Benji wyraźnie odczuwa ból emocjonalny, a jego historia jest niejasna: przez lata nie robił wiele, aż do niedawnego zamieszania. (Bliżej był z jej babcią, „realistką z dawnych czasów”, o której chciałabym dowiedzieć się więcej.) Choć Culkin gra go z kradnącą sceny, energetyczną intensywnością, pozostaje bohaterem filmowym, bardziej antagonistą Piotrusia Pana niż dorosłego. Potrafi być męczący, ale łatwo przywiązuje się do innych grupowych turystów Kaplanów w Polsce, których przyciąga osobiste powiązanie z żydowskością lub traumą. Dziadkowie rozwódki Marcii (Jennifer Grey) z Flinty w Los Angeles również uciekli przed Holokaustem; starsze małżeństwo Mark (Daniel Oreskes) i Diane (Liza Sadovy) mają polsko-żydowskie pochodzenie; Eloge (Kurt Egyiawan) uniknął ludobójstwa w Rwandzie i w Kanadzie przeszedł na judaizm. Will Sharpe wykazuje doskonałe wyczucie komedii – najwięcej śmiechu wywołuje w umiarkowanie zabawnym filmie – i wnosi wyraźną wrażliwość na Jamesa, nieżydowskiego przewodnika z wykształceniem w Oksfordzie, który po prostu stara się dać z siebie wszystko w dziwnej pracy.

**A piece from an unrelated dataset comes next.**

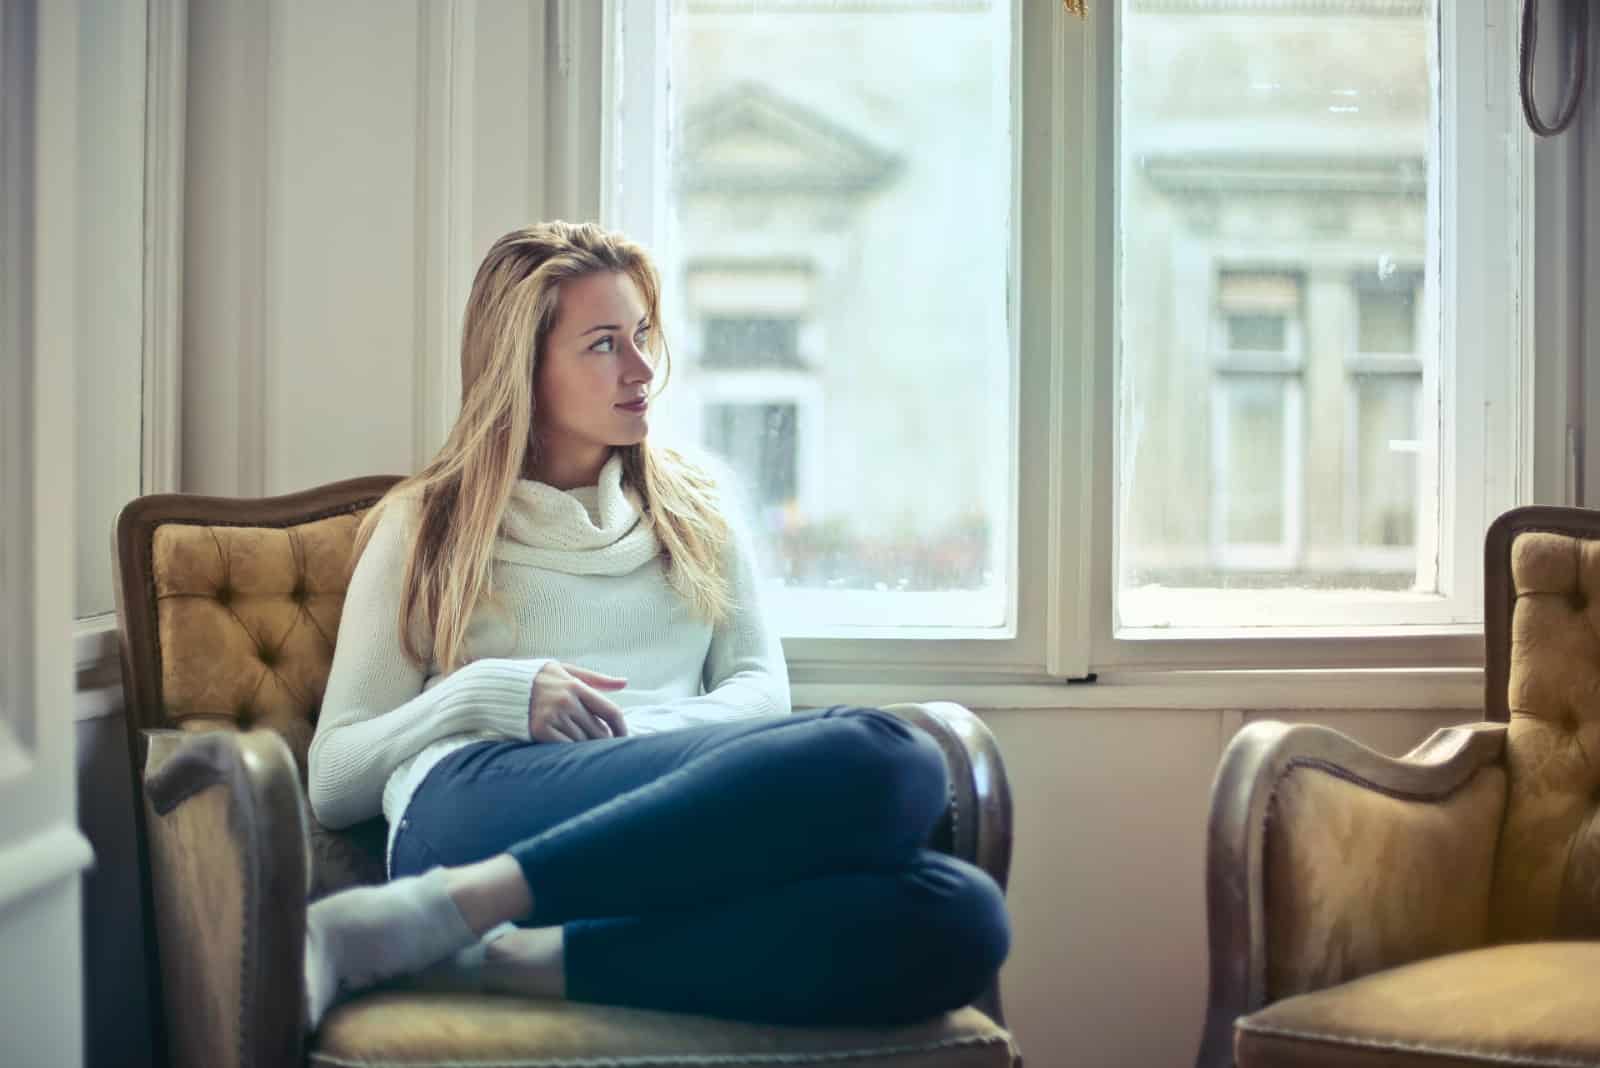 woman in white sweater sitting on armchair near window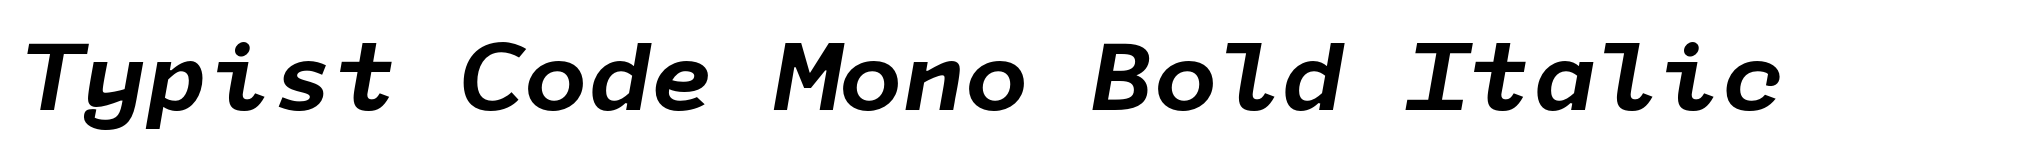 Typist Code Mono Bold Italic image

Nakręcony w Polsce, w tym w obozie koncentracyjnym na Majdanku, „A Real Pain” ma uwodzicielski, surowy klimat tego miejsca. Eisenberg i operator Michał Dymek uwieczniają Warszawę, Lublin i polską wieś ciekawym okiem i nie zawsze w sposób efektowny. Powrót do tak strasznego, świętego miejsca oznacza także mnóstwo graffiti, komunistycznego brutalizmu, nijakich pokoi hotelowych i pociągów.

Jednak bujne krajobrazy miejskie i wyostrzony instynkt wizualny Eisenberga, pozwalający wyczuć emocjonalną klaustrofobię, bledną w porównaniu z intensywnością rytmu filmu. David musi wyjść ze swojej głowy, a Benji tęskni za czymś PRAWDZIWYM, pełnymi literami; Wskaż symboliczny moment, dyskusję tematyczną, reakcję ujawniającą charakter, podważoną przez coś dziwacznego, żałosnego lub upokarzającego, powtórz. „A Real Pain” czasami wnikliwie porusza temat cierpienia, czasem jest zabawny, trochę ujmujący, trochę pretensjonalny, często suchy. Innymi słowy, bardzo typowe.